A new “coverage” function can take a photo with Smart HDR 2/3 and Deep Fusion for maximum quality and computational processing, as well as a RAW file – with only a slight delay between shots.
Halide Mark II also uses machine learning to process an iPhone RAW file in the app (ProRAW) in 17 steps, including detail enhancement, contrast and color adjustment, and more. This feature called Instant RAW will intelligently develop the file to get the best results possible.
And the app includes top pro tools like a new waveform and color exposure (zebras) warnings that use XDR (Extended Dynamic Range) 14-bit RAW sampling to get accurate exposure previews and readings.

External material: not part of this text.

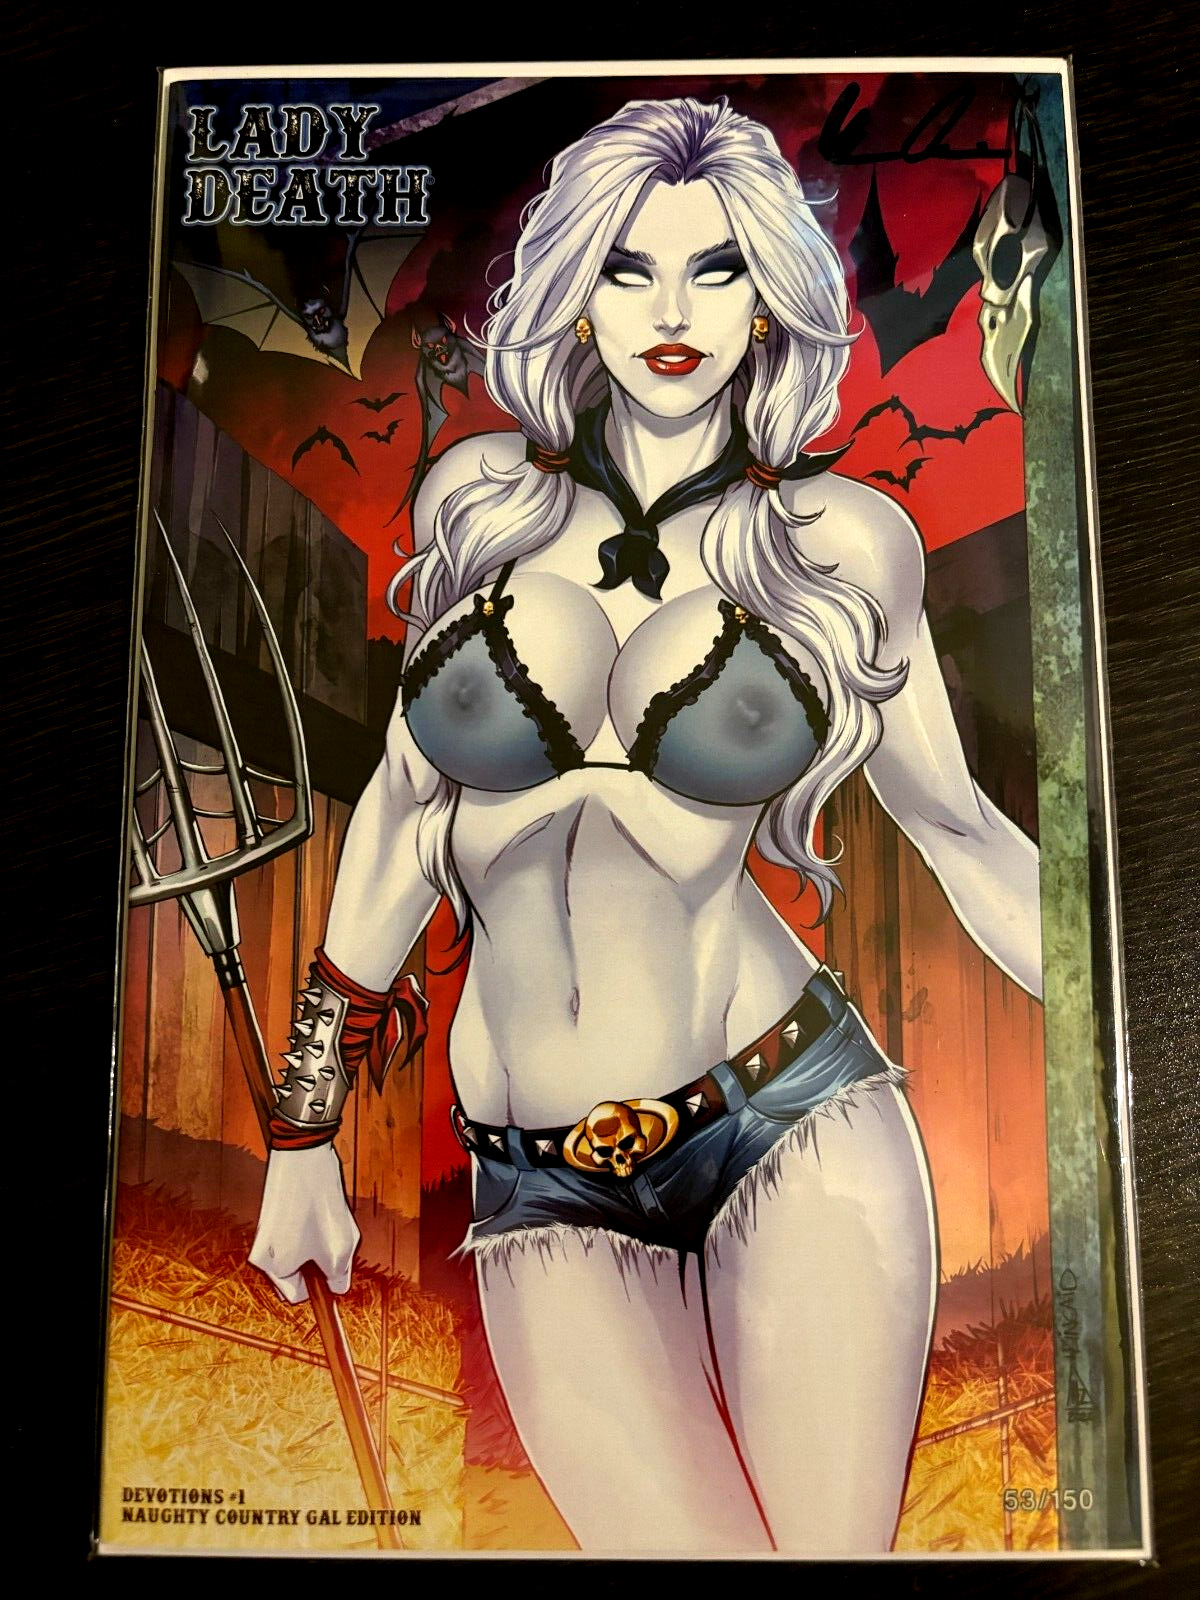 LADY DEATH #1 DEVOTIONS NAUGHTY EDITION NUMBERED SIGNED COA LTD 150 NM+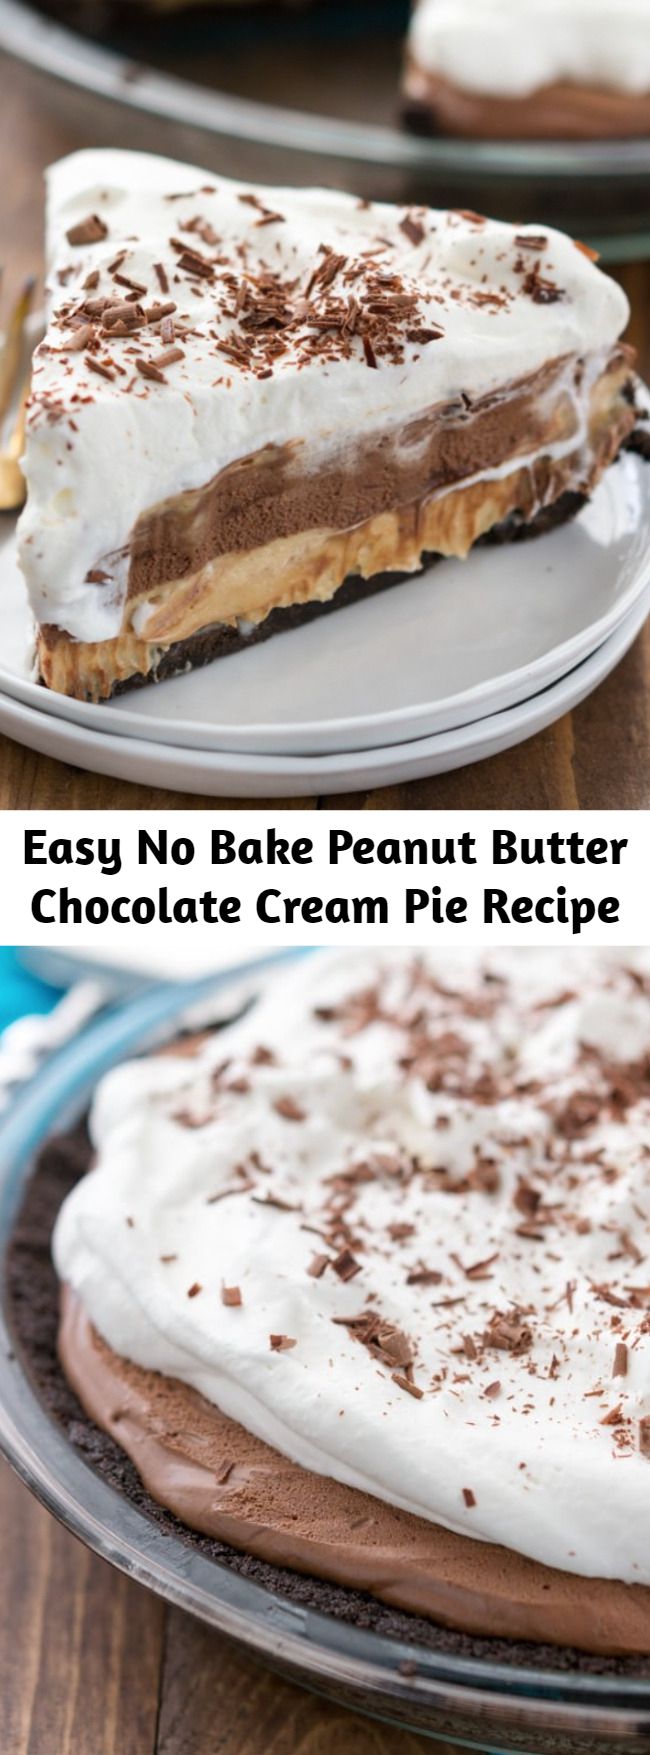 Easy No Bake Peanut Butter Chocolate Cream Pie Recipe - Layers of Oreo crust, peanut butter, and chocolate cream pair perfectly for the best pie I've ever eaten! The best part is it's totally no bake and egg-free! I just can’t even express how good it was. Words like decadent, amazing, creamy, and delicious just don’t seem to suffice. Because it was better than all of those words.

The app costs $ 36 (currently $ 30 during a promotional period) if you only want to pay once. Otherwise, the subscription is $ 11.99 per year (currently $ 9.99 per year if you set the price now during the promotional period). Membership plan subscribers also receive perks such as custom icons. Existing Halide 1 users will be updated incredibly free of charge, but asked to support the app with a membership.
ClipDrop – AR Copy Paste
A new app called ClipDrop is launched on iOS, Android, MacOS and Windows as a new type of "copy and paste". The app uses state-of-the-art vision AI to copy images from your desktop with a screenshot to another app (e.g. Docs, Photoshop, Canva, etc.) and extract anything – objects, people, drawings, or text.
With the mobile app, you can take photos of real objects and then transfer them digitally to other apps or websites. In the following demo, the company shows how you can use the camera to “cut out” a picture of an item of clothing and then import the photo into a document.
The company just released a plugin for Photoshop that allows you to paste the image into the app as a new layer with an editable mask.
The app costs $ 39.99 per year (through November 2020, then up to $ 79.99 per year).
Adobe Illustrator on iPad + Adobe Fresco on iPhone
As part of Adobe's MAX 2020 virtual conference this week, the company launched the first public version of its Illustrator vector graphics app on the iPad and brought its Fresco drawing and painting app to the iPhone. Over time, the company plans to add more effects, brushes, and AI capabilities to Illustrator. Fresco 2.0 includes new mop brushes and support for personalized brushes.
Designed for a home owner, Airbnb owner, or other vacation rental owner, Party Squasher provides a hardware device and paired mobile app that can be used to count the number of people in your home by counting the cell phones in or around a home. The phones can be counted even if they are not connected to the house's WiFi.
Since the device does not contain cameras or microphones, it is ideal for making sure renters don't throw large (and nowadays potentially illegal) parties without compromising privacy.
In the event that a large gathering is present, you will receive text or an email so that you can take action.
The device costs $ 249 and the app charges a subscription of $ 199 per year.
Quibi made her "episodes" 11 minutes so as not to pay union writers. Everyone should dance MC Hammer on their grave.
– Jawn Wick (@LukeXCunningham) October 21, 2020
The # 1 game on the App Store is now with us !.